I must look like right jackass running through the night. Who does it on Christmas day! It’s dark and streets are like Cartman’s head in South Park: empty but still not quiet. I can hear sounds and laughter of families eating their Christmas meals and celebrating with their dear ones. Not me, I’m the weirdo running by myself in the cold. This is what I want. This is my life, my choice, my dream. If I could wish for and have only one Christmas present all my life, I would want this – playing in the Premiership. The Office Christmas special –dvd would probably be number two in my list. My turkeys and family Christmases will belong to the time after I finish playing. And you never know when that comes, everything can change so quickly. I don’t want to tell you about this story though so I’m going to finish it here.

I was told about a glamorous life style. All the parties, women and champagne were supposed to fall on my lap. I never asked for it and thank God it never happened. Who is the sad man that spends New Year alone, sober, watching telly and going to sleep way before midnight? A footballer. It is just another Friday except you have to put your mobile off early to prevent disturbances from the festive people. I decided 2005 would be my year and I dreamed about showing fire works at the New Years day game. Instead we got defeated by Fulham. Not exactly a good start for my plan of the World Domination. My mobile informed twenty seven messages and nine missed calls from the night before, mostly friends and random people asking where I’ve been hiding for the last year. Not all people understand my life and choices. They say I’ve changed so quickly, I’ve become a social bore. Living detailed professional life can be very unrewarding at times. This story didn’t feel appropriate to tell you though so I’m going to bin it here.

At game days I was normally having a weak coffee at Family stand, block H, row 23. Then over a night manager and everything changed. I and the team got a new start. Inspired by being playing again and the enthusiasm around, I made my New Years resolutions and set myself goals.
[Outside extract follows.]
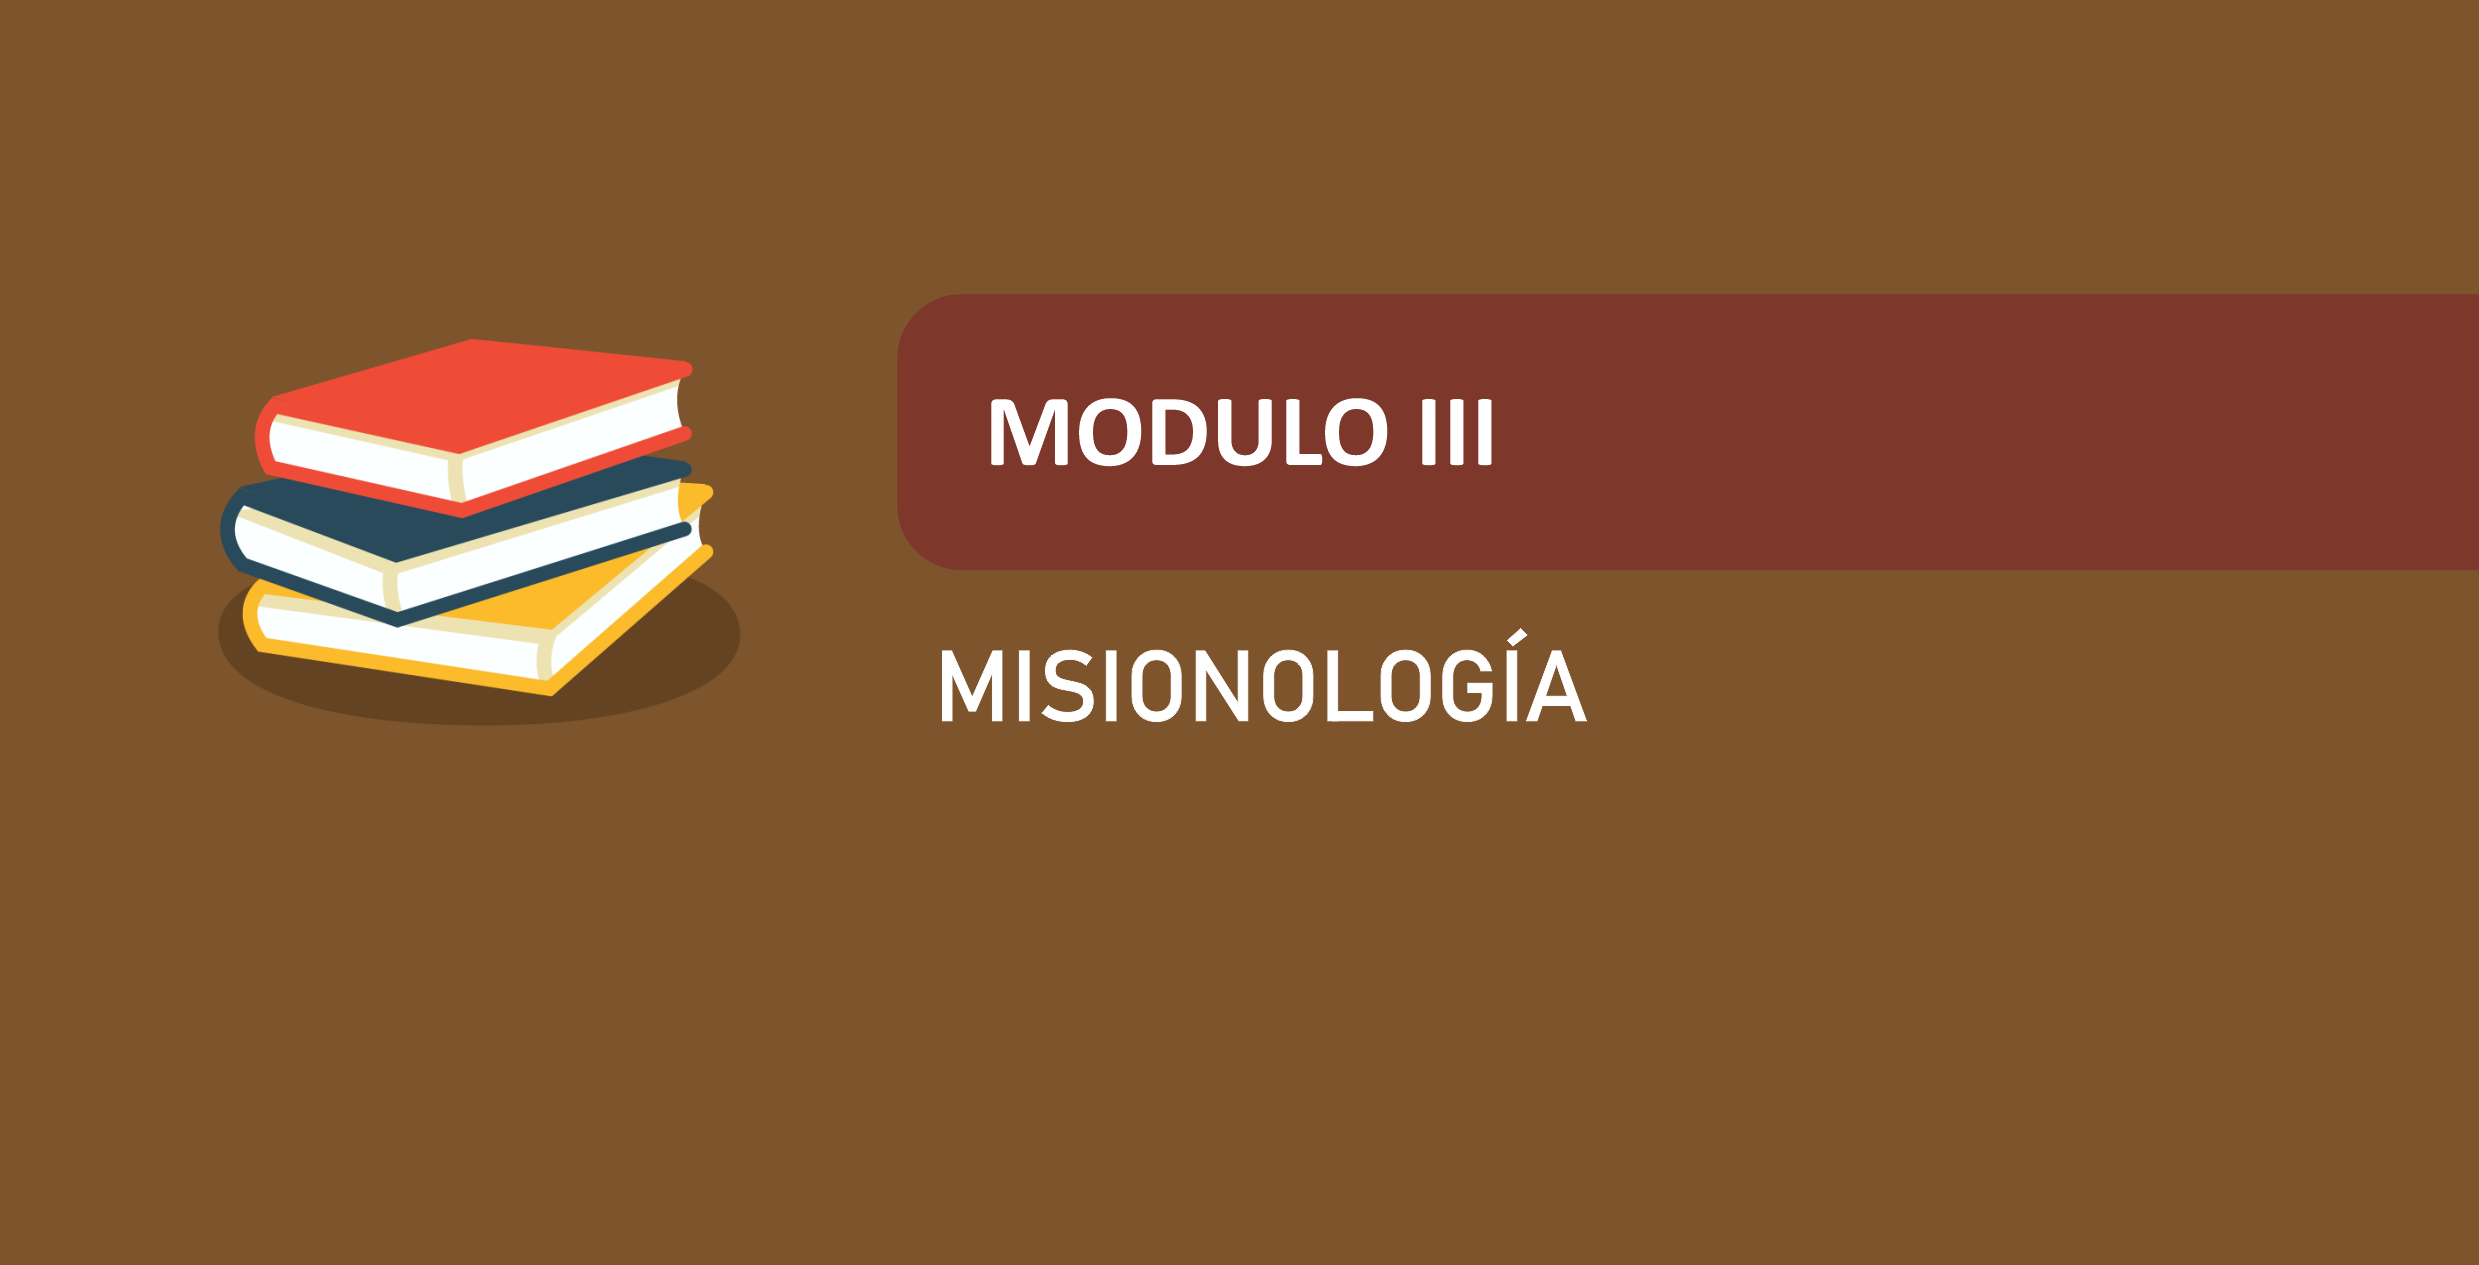 MISIONOLOGIA

My life changed quickly, nightmare year 2003 turned into my best ever year in 2004. It was like being entertained by Seinfeld straight after watching old replays of Murder she wrote. And I didn’t want to change back to old programs ever again. I believe in goal setting and New Years resolutions. I know to achieve my and our goals for 2005, everything has to be planned, done and go even better. This story didn’t feel appropriate to tell you though so I’m going to leave it here.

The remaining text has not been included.